### [Task description]
For this exercise, write each entry below out precisely and omit the pictures.
::: Source material
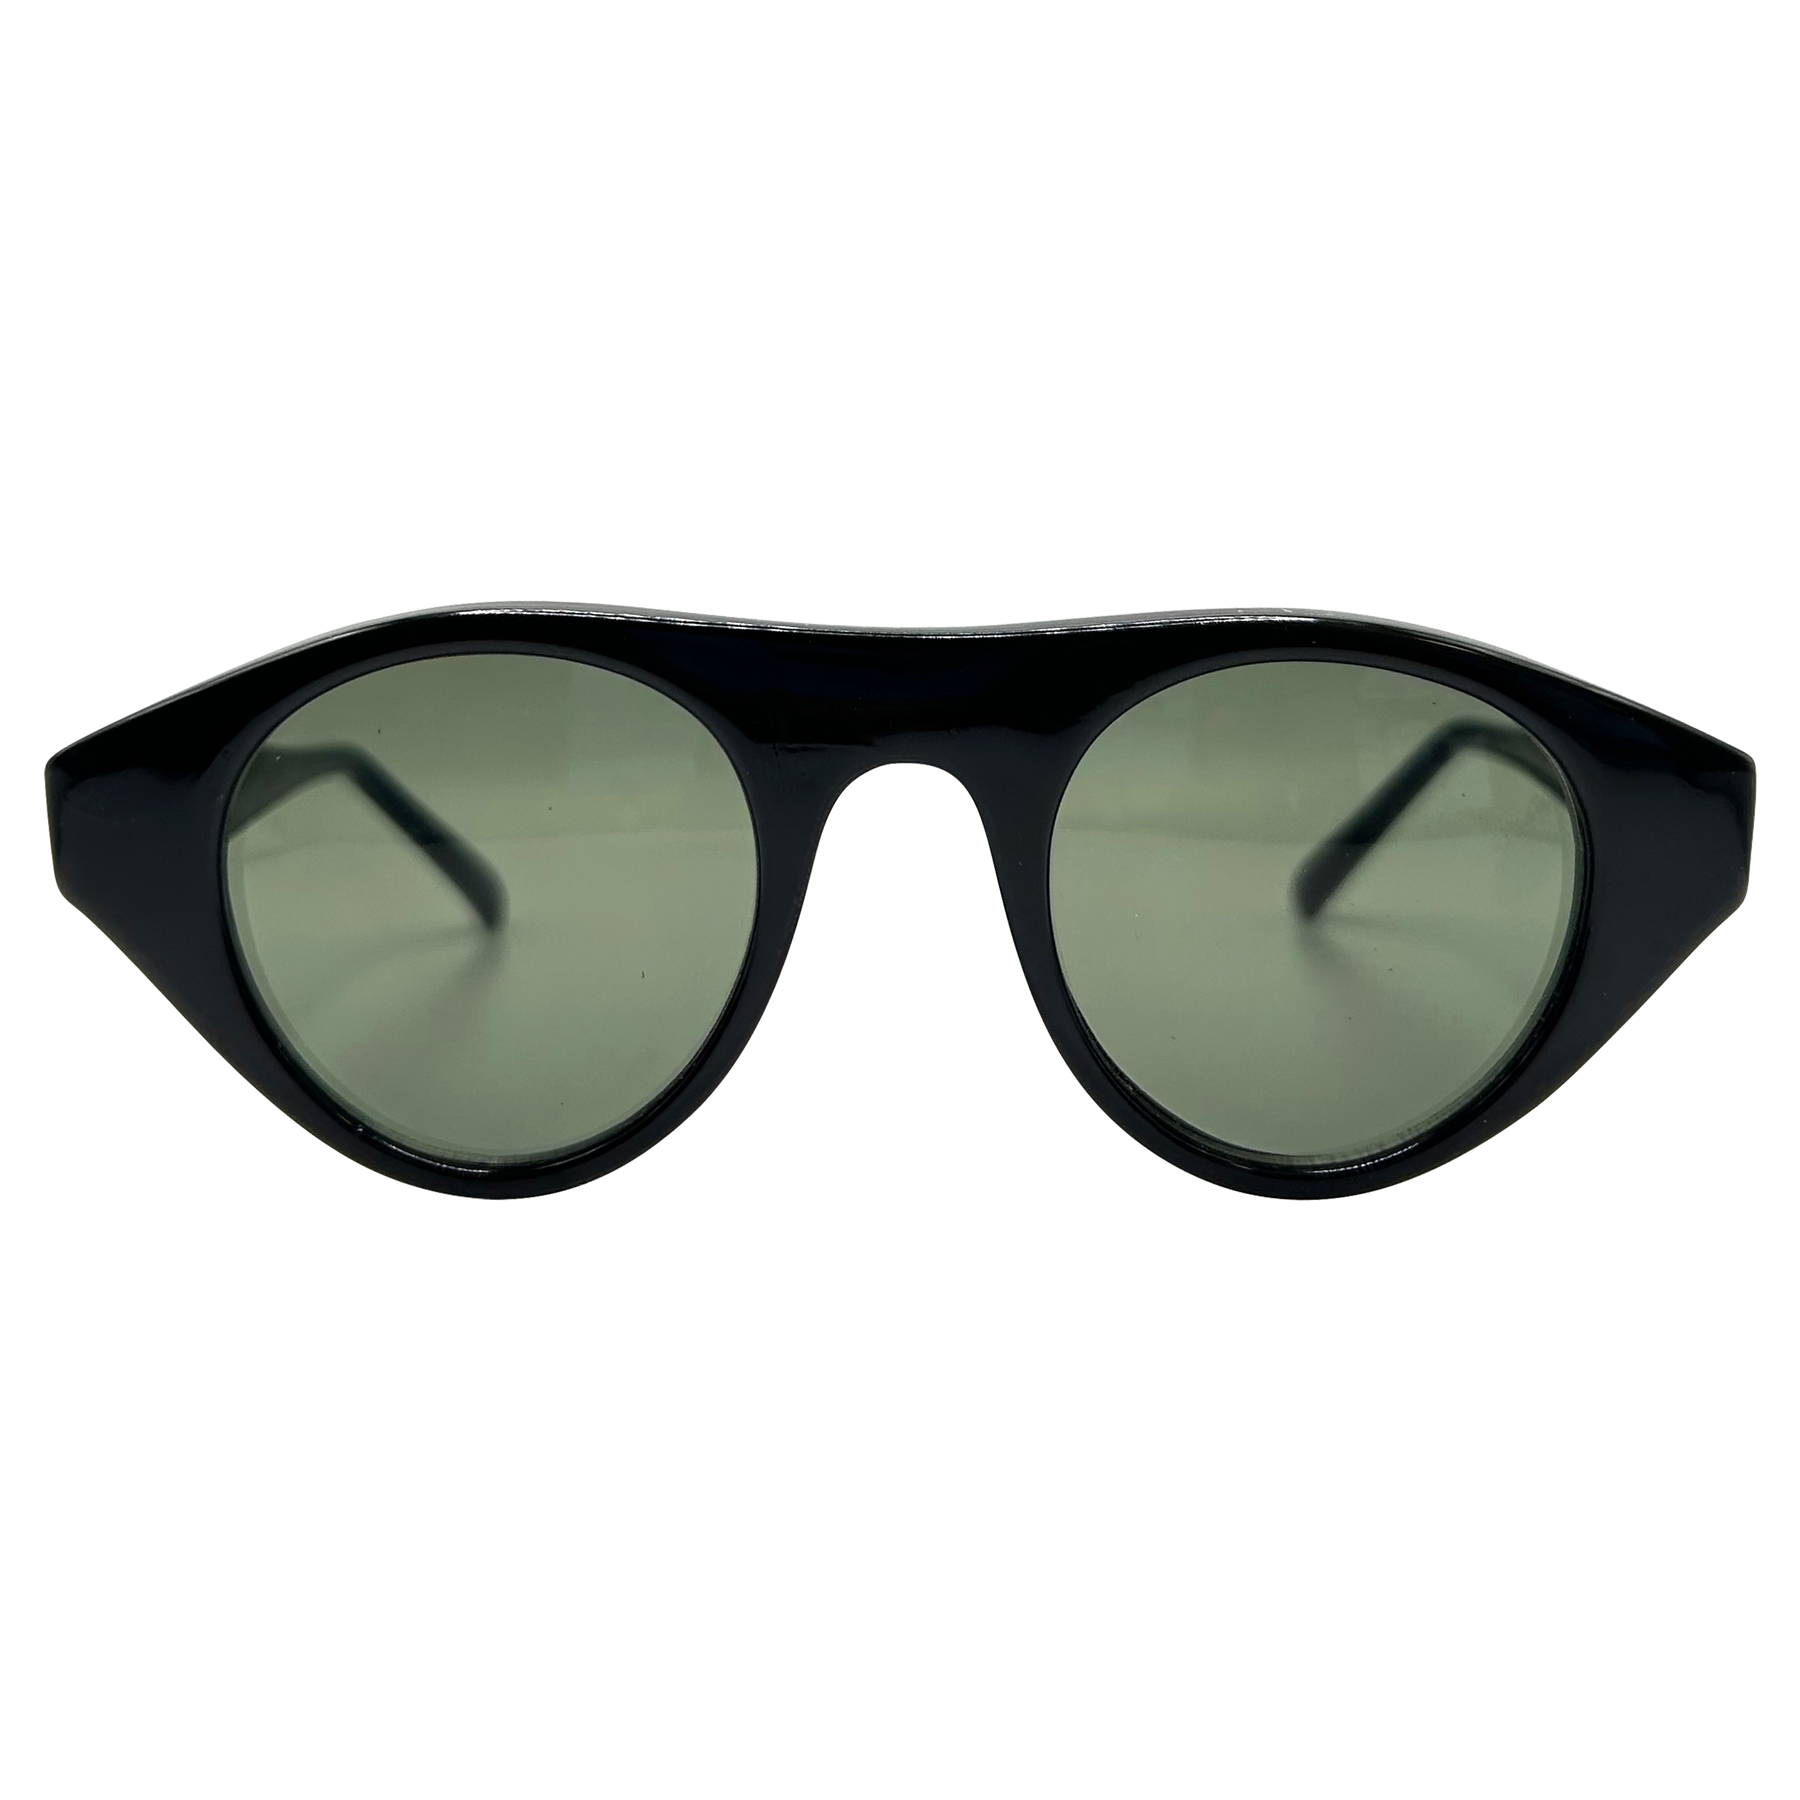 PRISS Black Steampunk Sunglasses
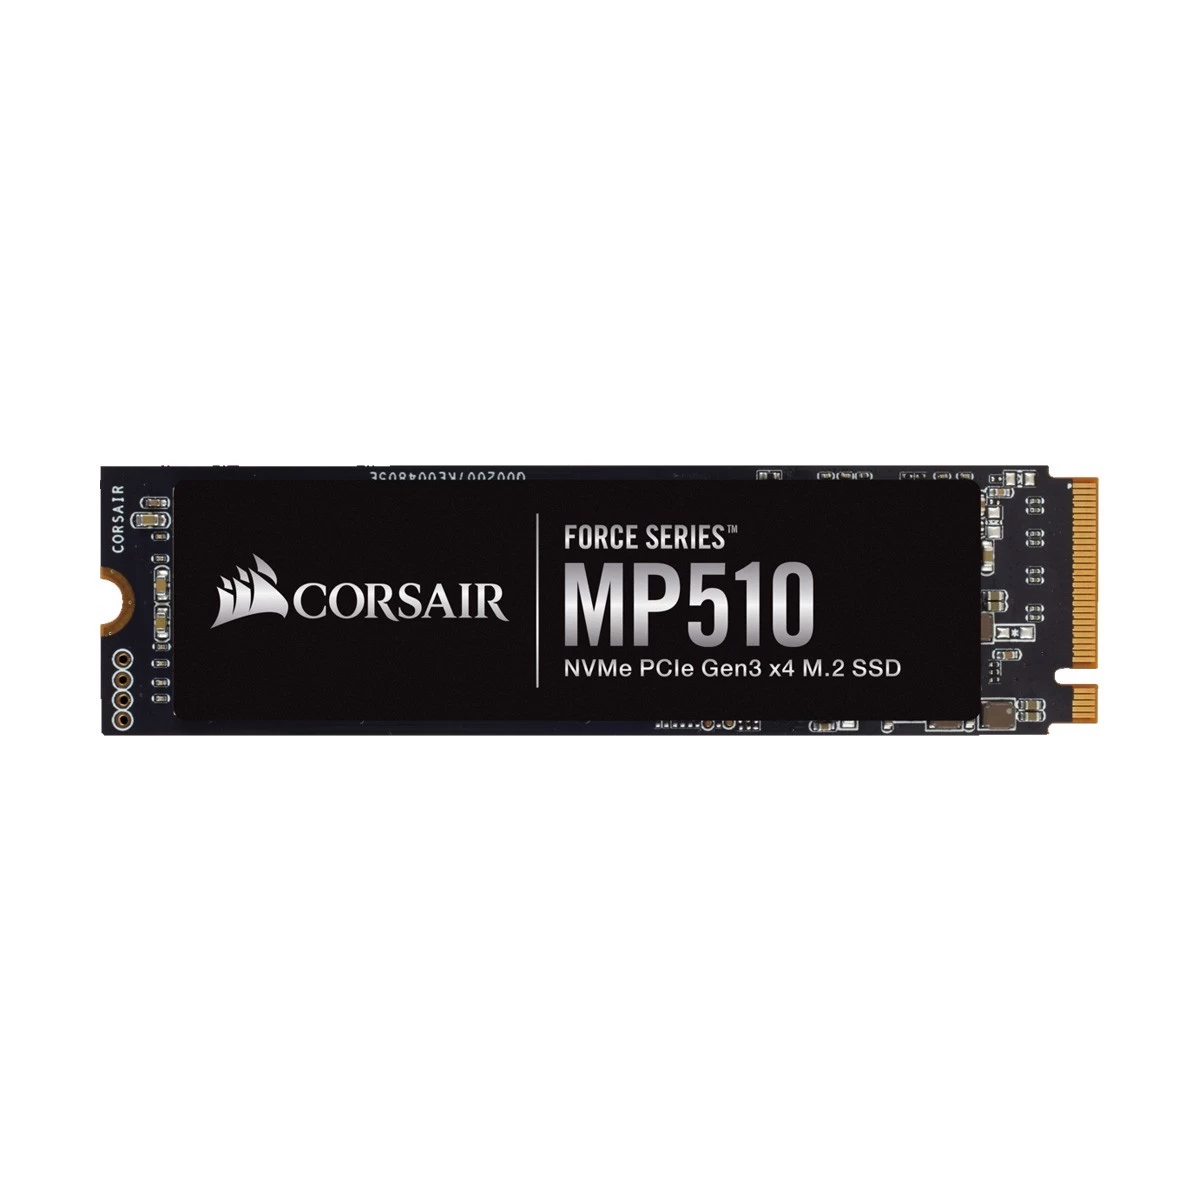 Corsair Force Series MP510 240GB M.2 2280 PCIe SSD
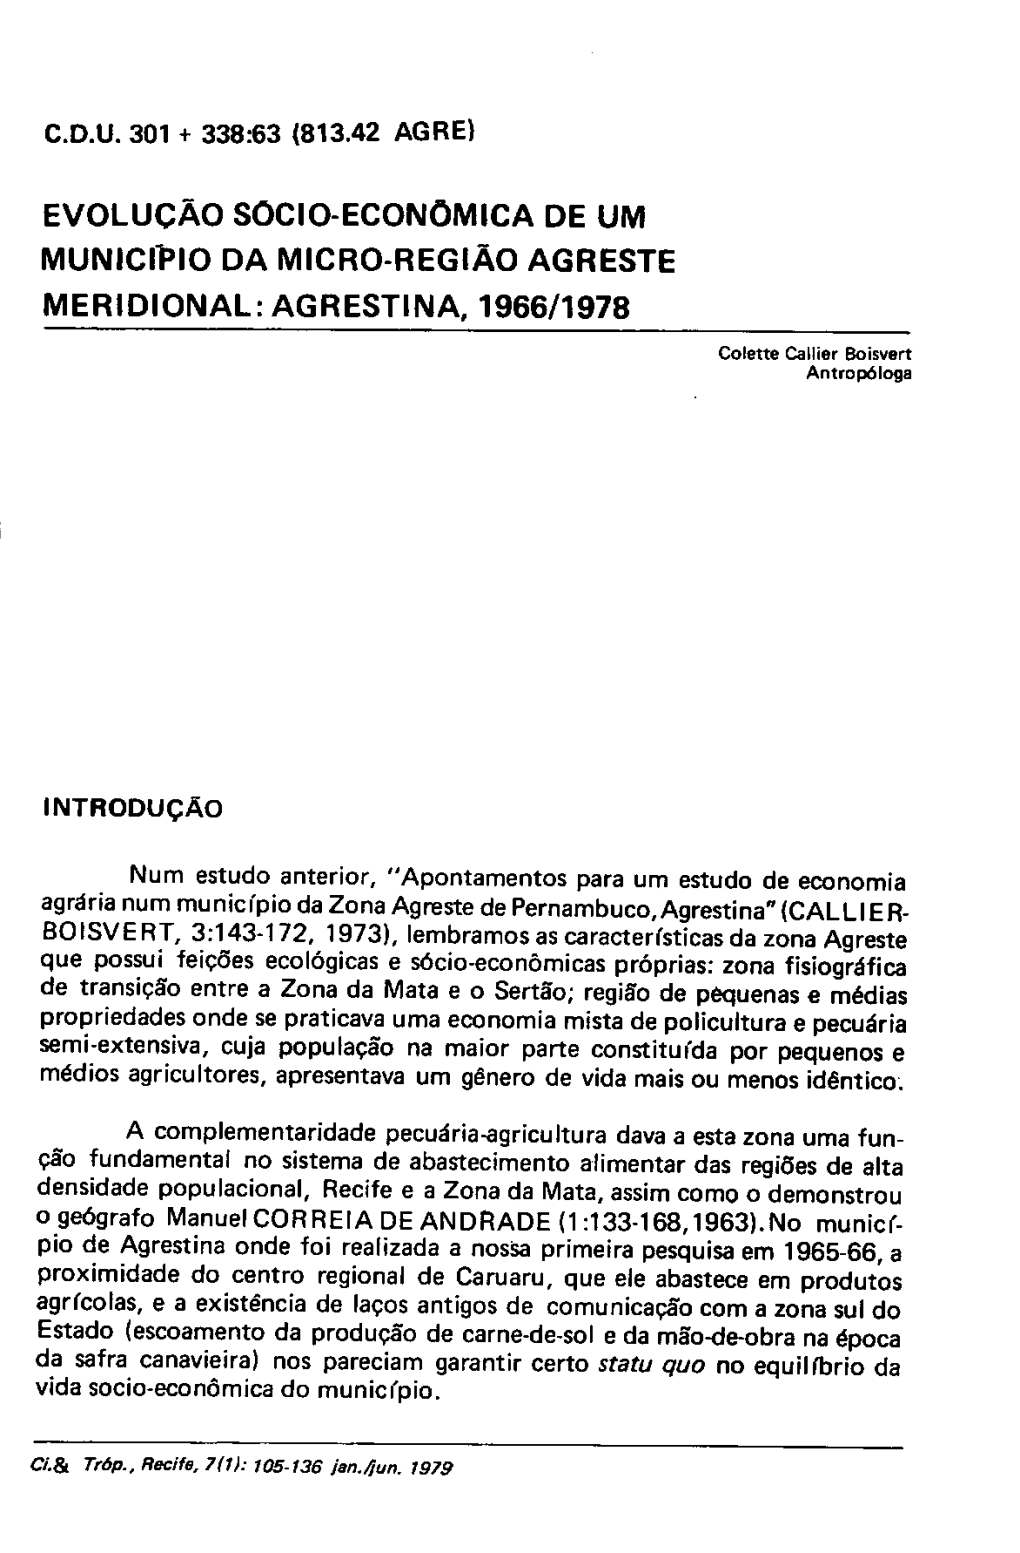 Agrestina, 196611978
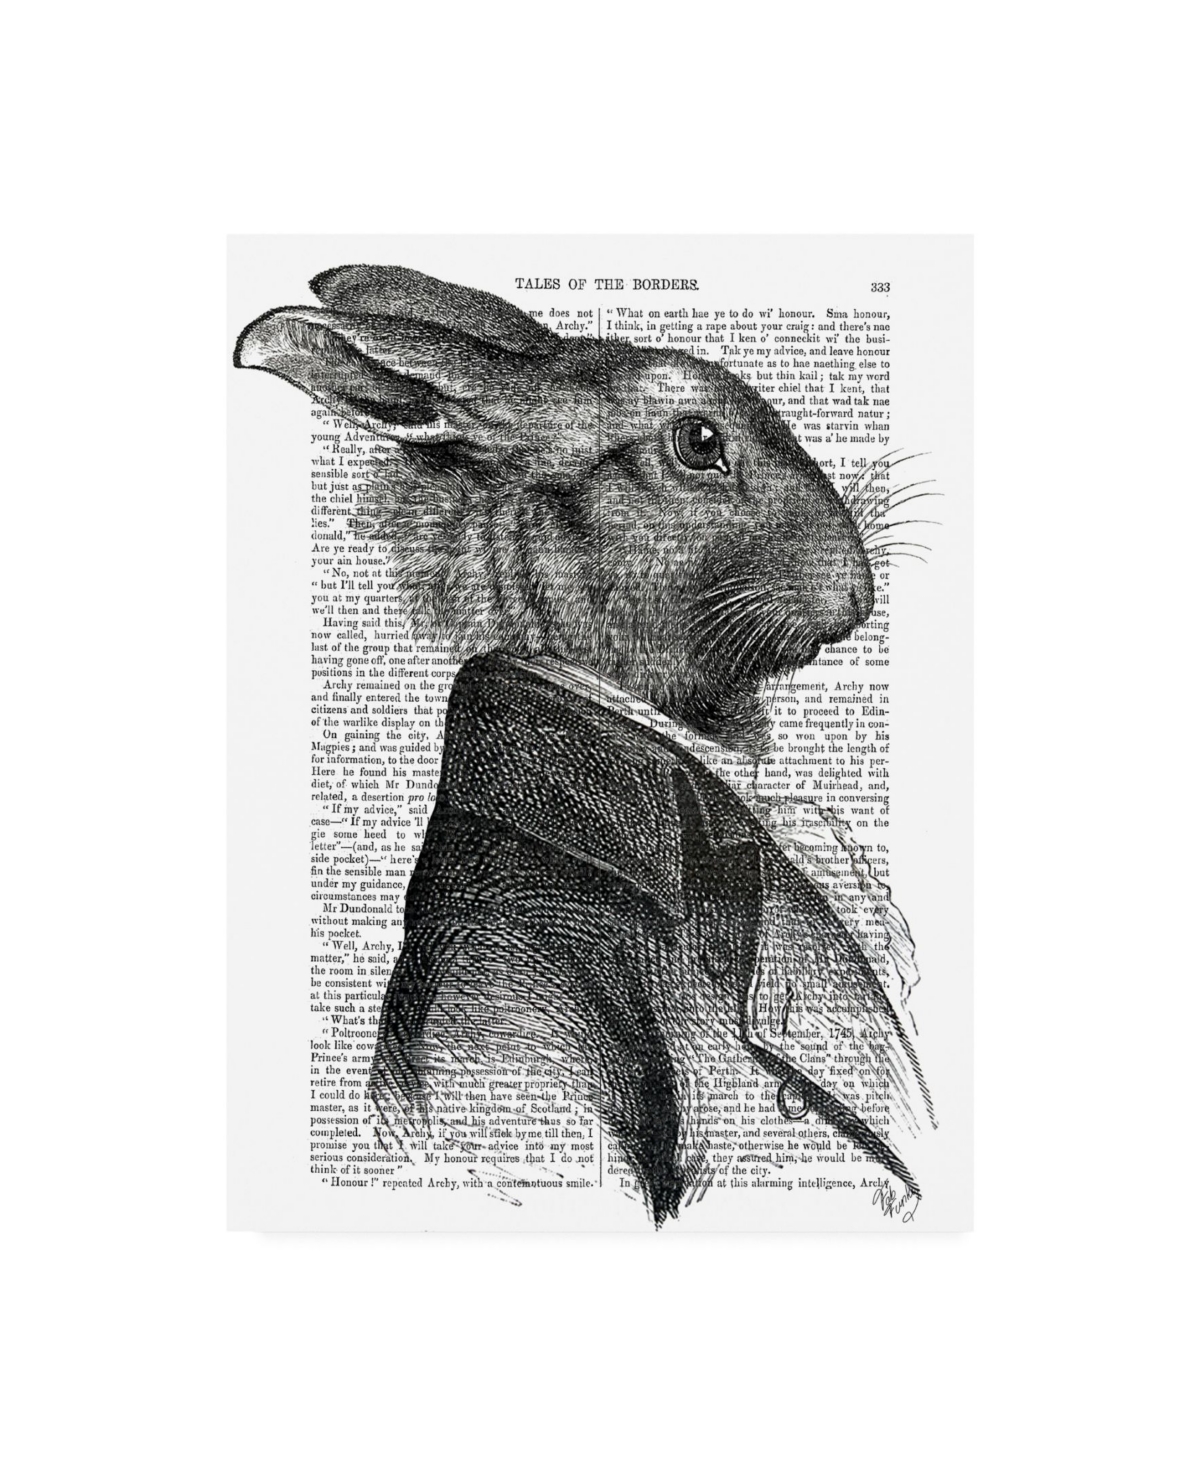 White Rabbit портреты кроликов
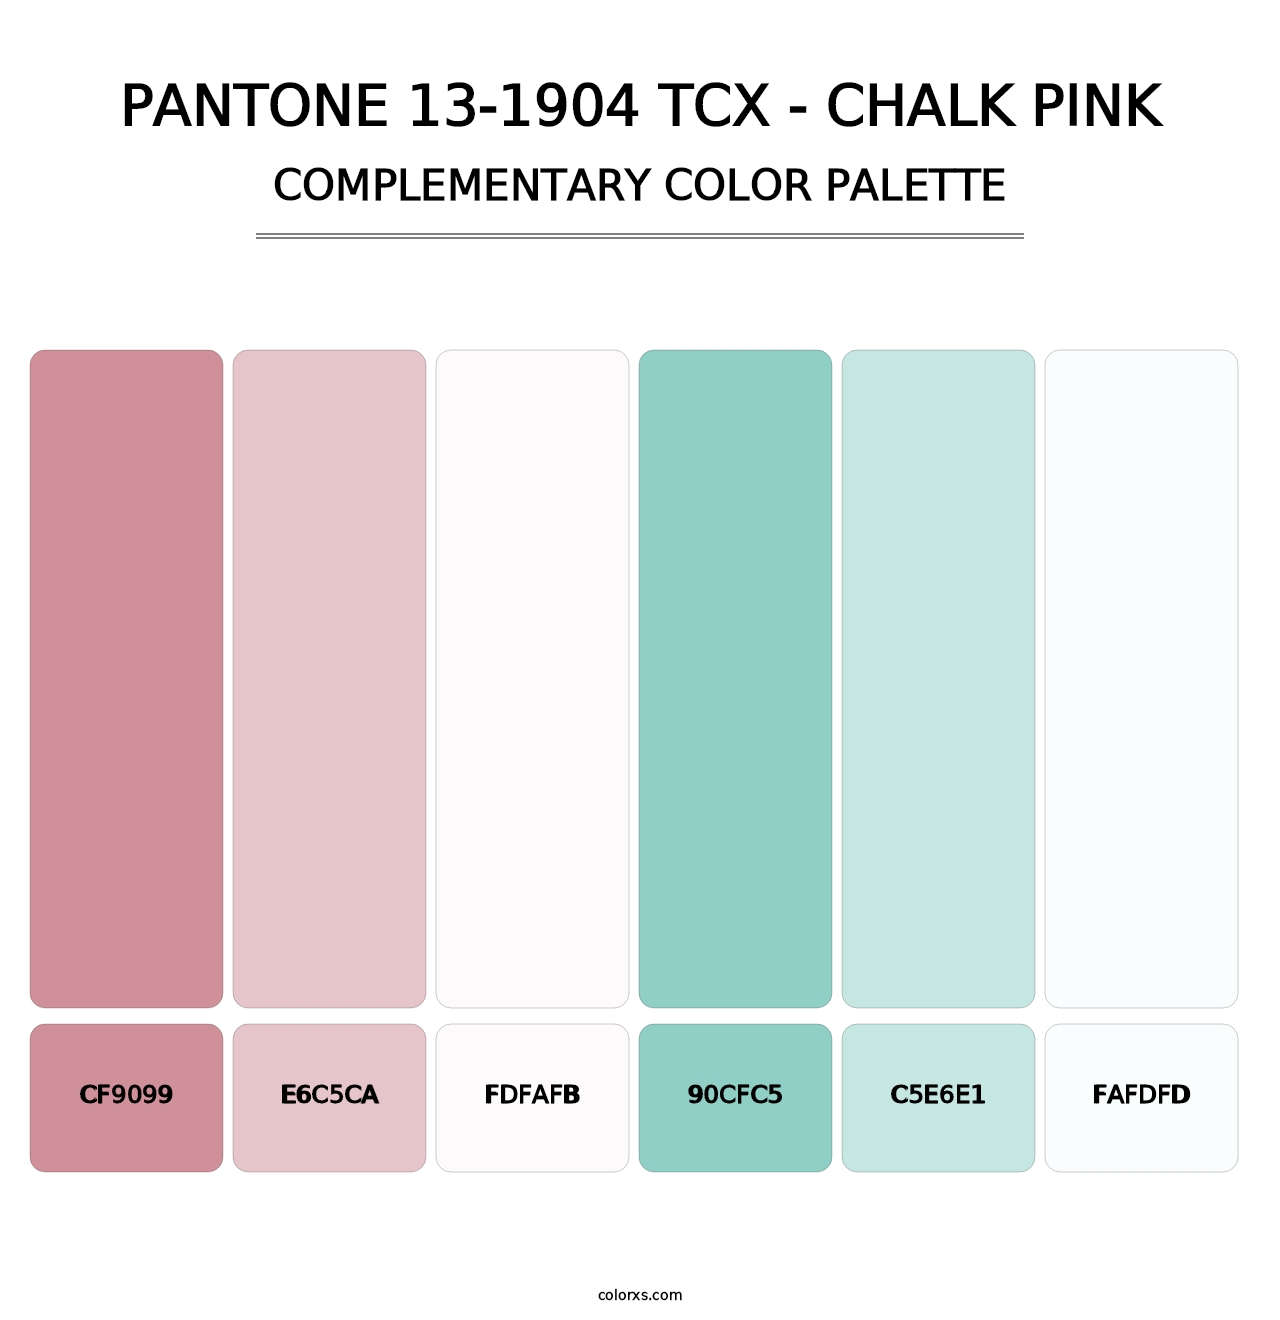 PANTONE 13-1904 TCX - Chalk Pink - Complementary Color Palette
::::::
### [Solution to the exercise]
 PRISS Black Steampunk Sunglasses
 Corsair Force Series MP510 240GB M.2 2280 PCIe SSD
 Agrestina, 196611978
 White Rabbit портреты кроликов
 PANTONE 13-1904 TCX - Chalk Pink - Complementary Color Palette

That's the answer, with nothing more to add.